# What to do with exhaust?



## ScAvEnGeR (Jan 28, 2004)

I was thinking about altering the exhaust system and header... Should I buy only the extractor or should I get the whole set? Extractor and piping and muffler? Any advantages or any disadvantages? Sorry for being such a :dumbass: Kekeke.... Still new and learning~! :cheers:


----------



## ScAvEnGeR (Jan 28, 2004)

Oh... Also, our country is void of any emission laws so I can and most probably will remove the cat... Should I do this? No disadvantages right?


----------



## danifilth (May 14, 2003)

yeah go for it.Get the Hotshot header and 2'' exhaust and test pipe and you will have a winning combination.u


----------



## Harris (Nov 11, 2002)

He is in Malaysia, so getting stuff from America isn't really cheap for him. Maybe something from his local market/Japan would be more ideal.

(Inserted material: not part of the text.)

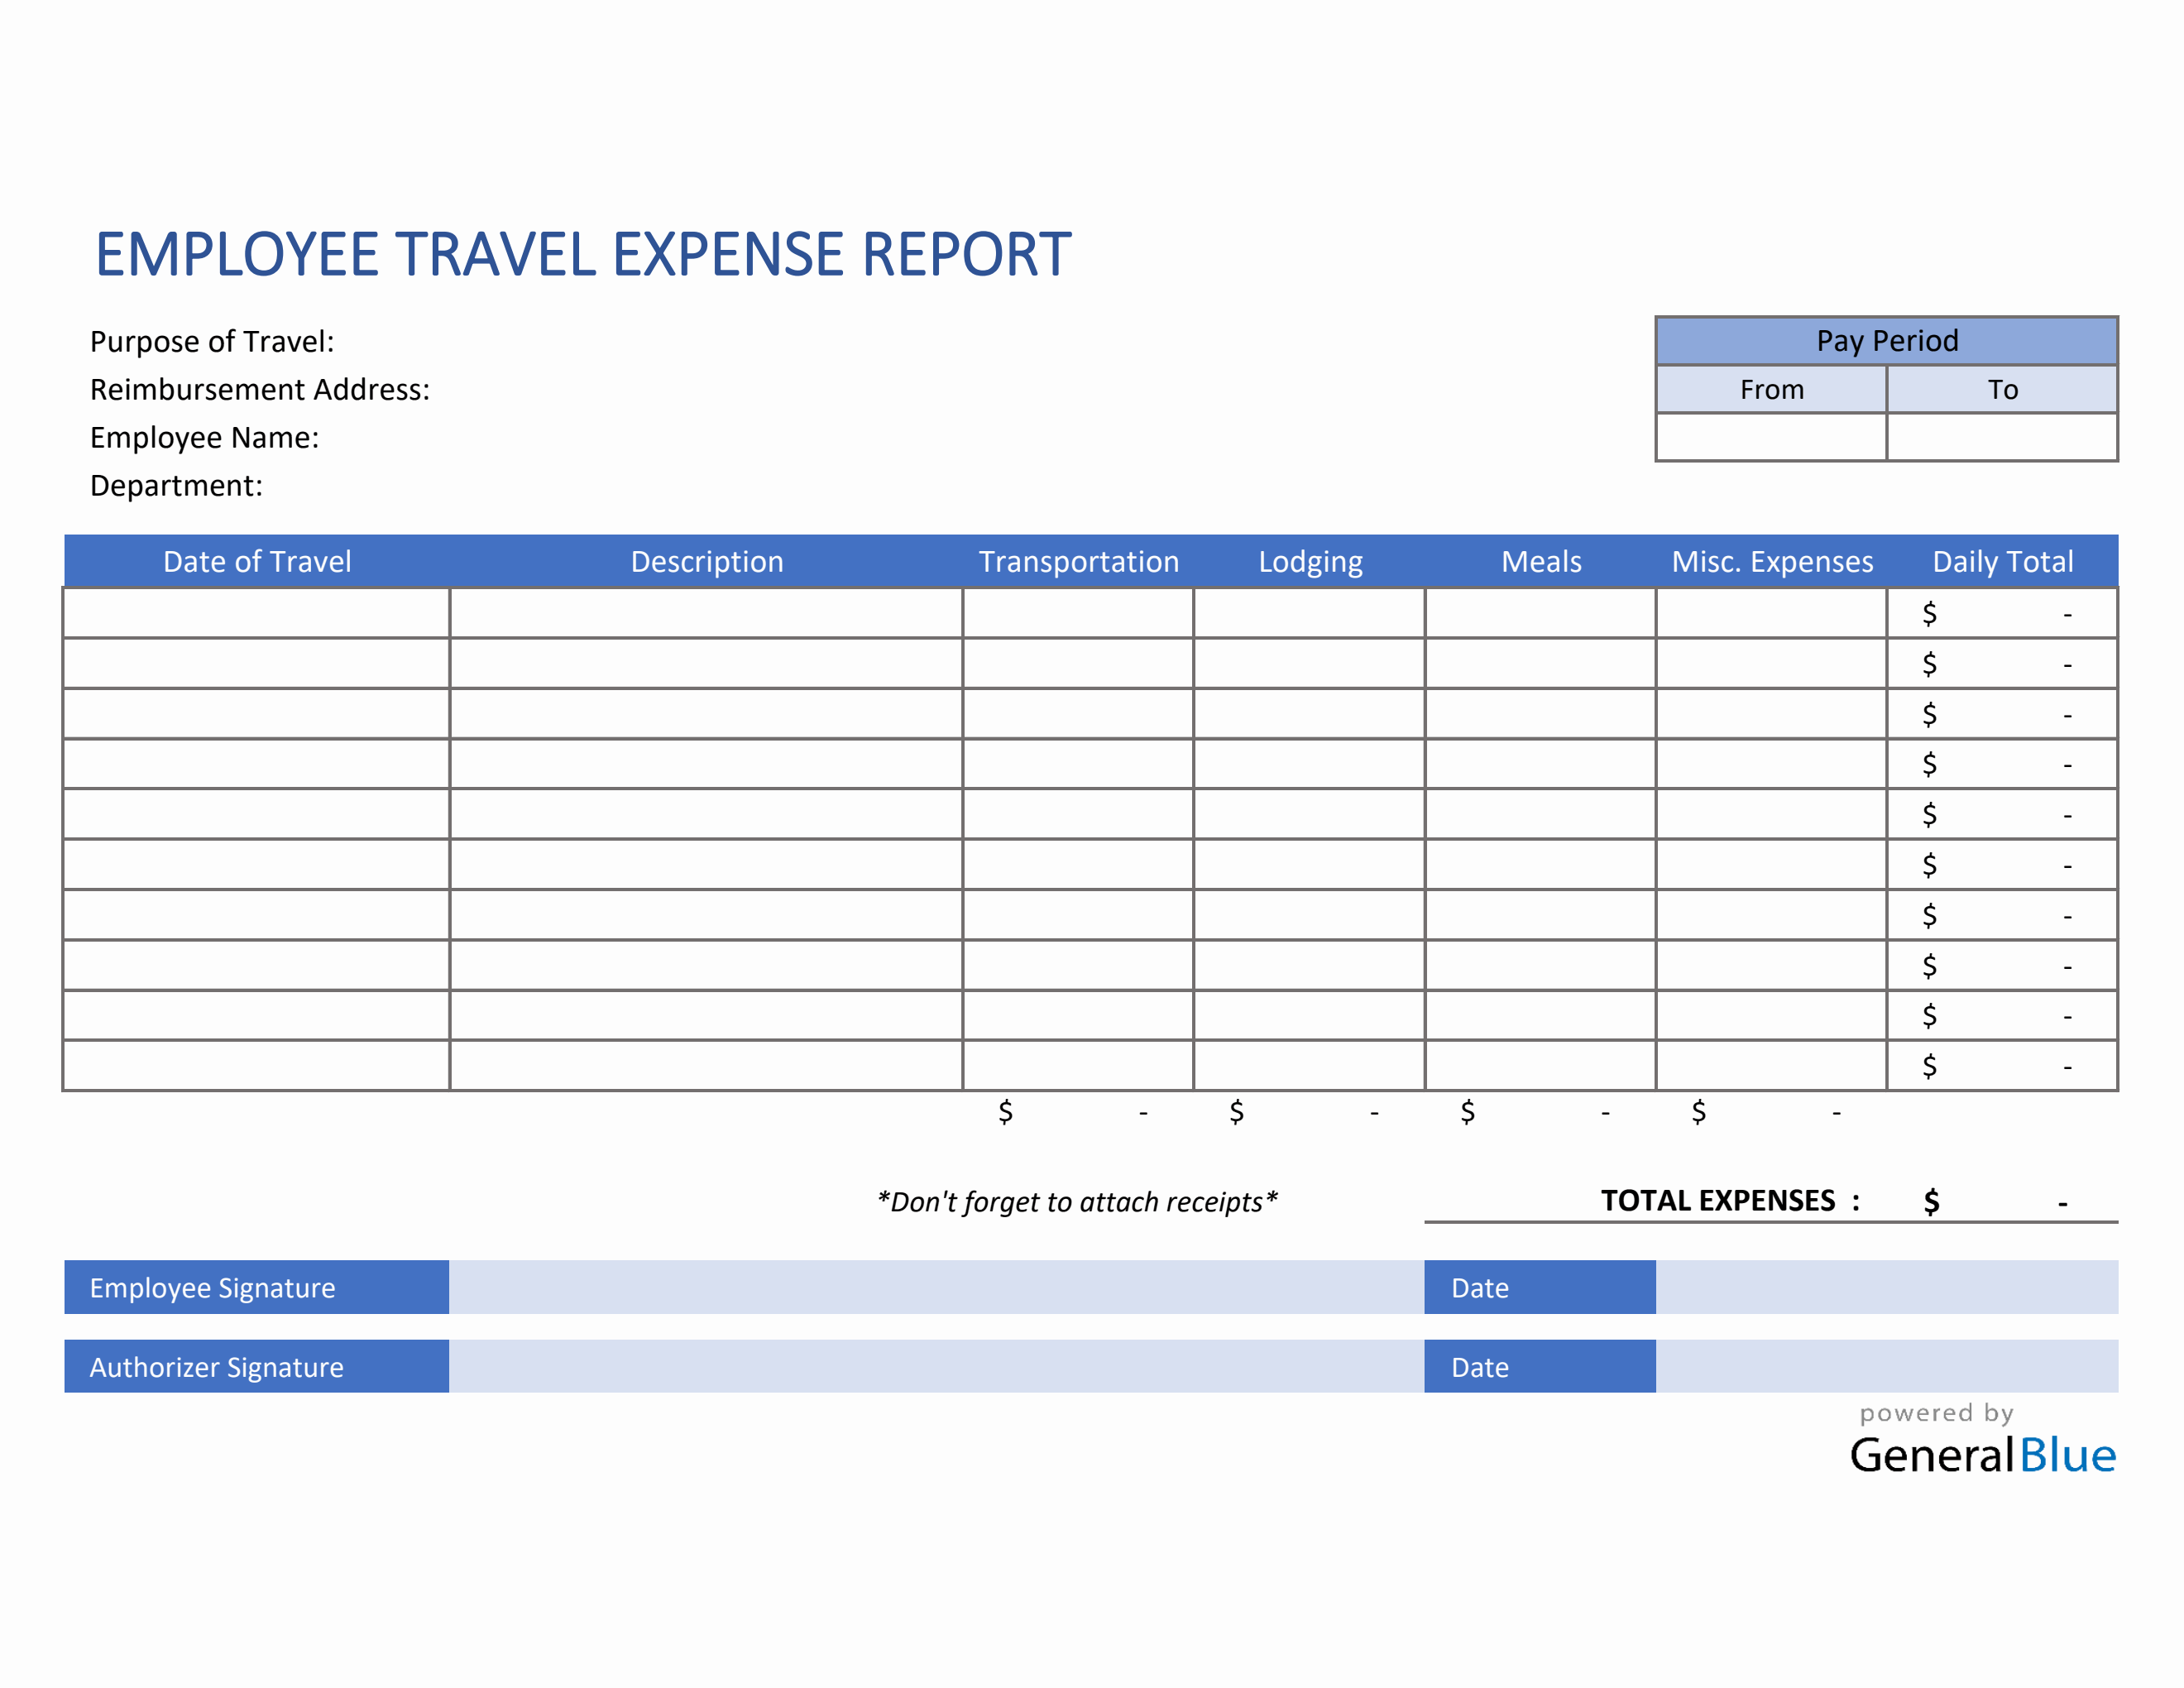 eml travel expenses form

Scavenger, go ahead with what you are looking to do. You will gain some power with the header/cat-back exhaust setup that you are wanting to do.


----------



## NotAnotherHonda (Aug 7, 2003)

even if you dont have emissions, you should still keep the cat...it doesnt really hurt on our motors, so ive heard, and its sooooo much better for the environment...(shameless plug for Greenpeace...HAHAHA)


----------



## ScAvEnGeR (Jan 28, 2004)

I mean I'm sure it's not hurtin' our exhaust or anything but then does it give a significant rise in power? Is it worth the removal? And yes it's kinda expensive to get Hotshot stuff...If not impossible~! Hahah...


----------



## dry (Oct 21, 2002)

what notanotherhonda is saying is true, the Nissan Cat on most cars, if removed for a test pipe, is only good for 1-2 whp... but then again it depends on what your driving.... I'm sure removing the cat from a turbo car or a larger displacement engine is more beneficial than removing it from a GA16 car.


----------



## ScAvEnGeR (Jan 28, 2004)

oic.... Thanks veeeery much guys... Much appreciated


----------